- Episode no.: Season 1 Episode 1
- Directed by: David Semel
- Written by: Jonathan Nolan
- Production code: 296807
- Original air date: September 22, 2011
- Running time: 45 minutes

Guest appearances
- Leon Addison Brown as Charles Robinson; Chris Chalk as Lawrence Pope; Jermaine Crawford as Michael Pope; Michael Drayer as Anton O'Mara; James Hanlon as Detective James Stills; Brian d'Arcy James as James Wheeler; Kristine Johnson as herself; Gregory Lay as Transit cop; Bruce MacVittie as Defense Attorney; Anthony Mangano as Detective Kane; Susan Misner as Jessica Arndt; Charlie Moss as Judge; Kevin Murphy as Anton's friend; Alfredo Narciso as Forensic Tech; William Sadler as Seamus O'Mara; Wolfgang Scheitinger as Henry Wheeler; Louis Vanaria as Detective Louis Azarello; Natalie Zea as Diane Hanson;

Episode chronology
| ← Previous — | Next → "Ghosts" |

= Pilot (Person of Interest) =

"Pilot" is the first episode of the crime drama television series Person of Interest. It originally aired on CBS in the United States on September 22, 2011. The episode was written by series creator Jonathan Nolan and directed by David Semel.

Reviews for the episode were largely positive. In the United States, the series premiere achieved a viewership of 13.33 million.

==Plot==
John Reese (Jim Caviezel), a former CIA Agent and United States Army Special Forces soldier-turned homeless alcoholic, has a struggle with a group of hot-headed teenagers on the subway in New York City. After this, he is extracted from police custody before New York Police Department Homicide Detective Joss Carter (Taraji P. Henson) can confront him on his links to previous killings discovered through analysis of his fingerprints on the police system.

Reese is brought to a mysterious and secretive billionaire, Harold Finch (Michael Emerson), who eventually reveals that he is the creator of a powerful AI known simply as "The Machine". After 9/11, Finch developed a computer program that can sift through enormous amounts of data, looking for patterns of behavior or activity that would predict another attack. It also provided information about individuals who could be in danger; it can predict the identity of a person involved in a premeditated crime that will happen at some point in the future – however, Finch's back-door link to the Machine only provides the Social Security number of the person, and offers no clues to their involvement or when the crime will take place.

Finch, who feels a need to do something to help these people, enlists Reese to aid him in preventing these crimes. Finch offers Reese employment, as well as giving Reese a purpose following the death of his girlfriend, Jessica (Susan Misner) (which is the source of his depression).

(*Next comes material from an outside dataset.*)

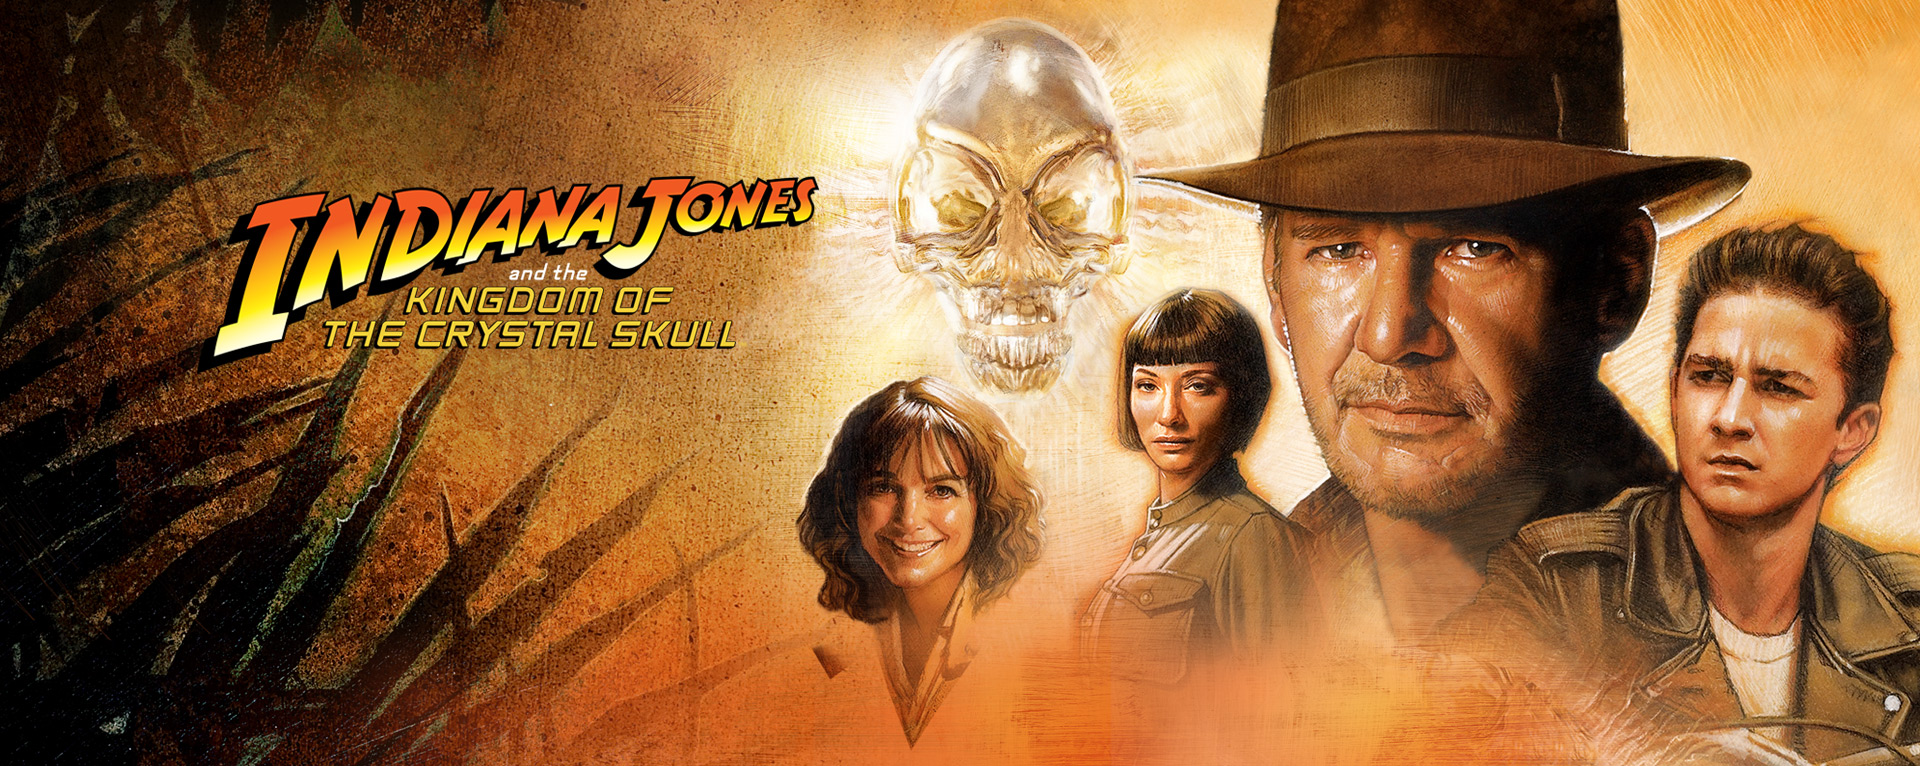 Disney at Heart: Indiana Jones On DisneyPlus

The first on his list is Diane Hansen (Natalie Zea), an Assistant District Attorney currently working on a major prosecution of a prominent drug killing. Reese agrees to help and begins watching her. Reese soon learns that Hansen is not the victim, but the perpetrator, running a ring of corrupt police officers and planning to kill a fellow DA, Wheeler (Brian d'Arcy James).

Reese intervenes in the attempted murder of Wheeler, in the process saving two other intended victims (an ex-con they'd been planning to frame for Wheeler's murder, and Wheeler's young son who happened to be with him that day) but also killing Detective Stills (James Hanlon), the leader of the corrupt gang of cops.

To wrap up the case, Reese sneakily reveals Hansen's corruption to an open court. He also blackmails one of the corrupt officers, Detective Lionel Fusco (Kevin Chapman), by linking him to Stills' murder in a way that ensures his cooperation (forcing Fusco to hide the body), into become Reese's source of information inside the NYPD.

Though Finch offers Reese the opportunity to quit at this point, Reese decides to continue working for him. He agrees to continue preventing violent crimes.

==Reception==
===Ratings===
In its original American broadcast, "Pilot" was seen by an estimated 13.33 million household viewers and gained a 3.1 ratings share among adults aged 18–49, according to Nielsen Media Research.

===Critical reception===
David Wiegand of the San Francisco Chronicle wrote: "Person of Interest separates itself from the gimmick pack, not only because of superbly nuanced characterization and writing but also because of how it engages a post-9/11 sense of paranoia in its viewers." David Hinckley of the New York Daily News gave the pilot four stars out of five, commenting on Caviezel's and Emerson's performances, saying Caviezel "brings the right stuff to this role" and Emerson "is fascinating as Mr. Finch." Mary McNamara of the Los Angeles Times stated that in regards to the pilot, "the notion of preventing crimes rather than solving them is an appealing twist... The surveillance graphics are very cool."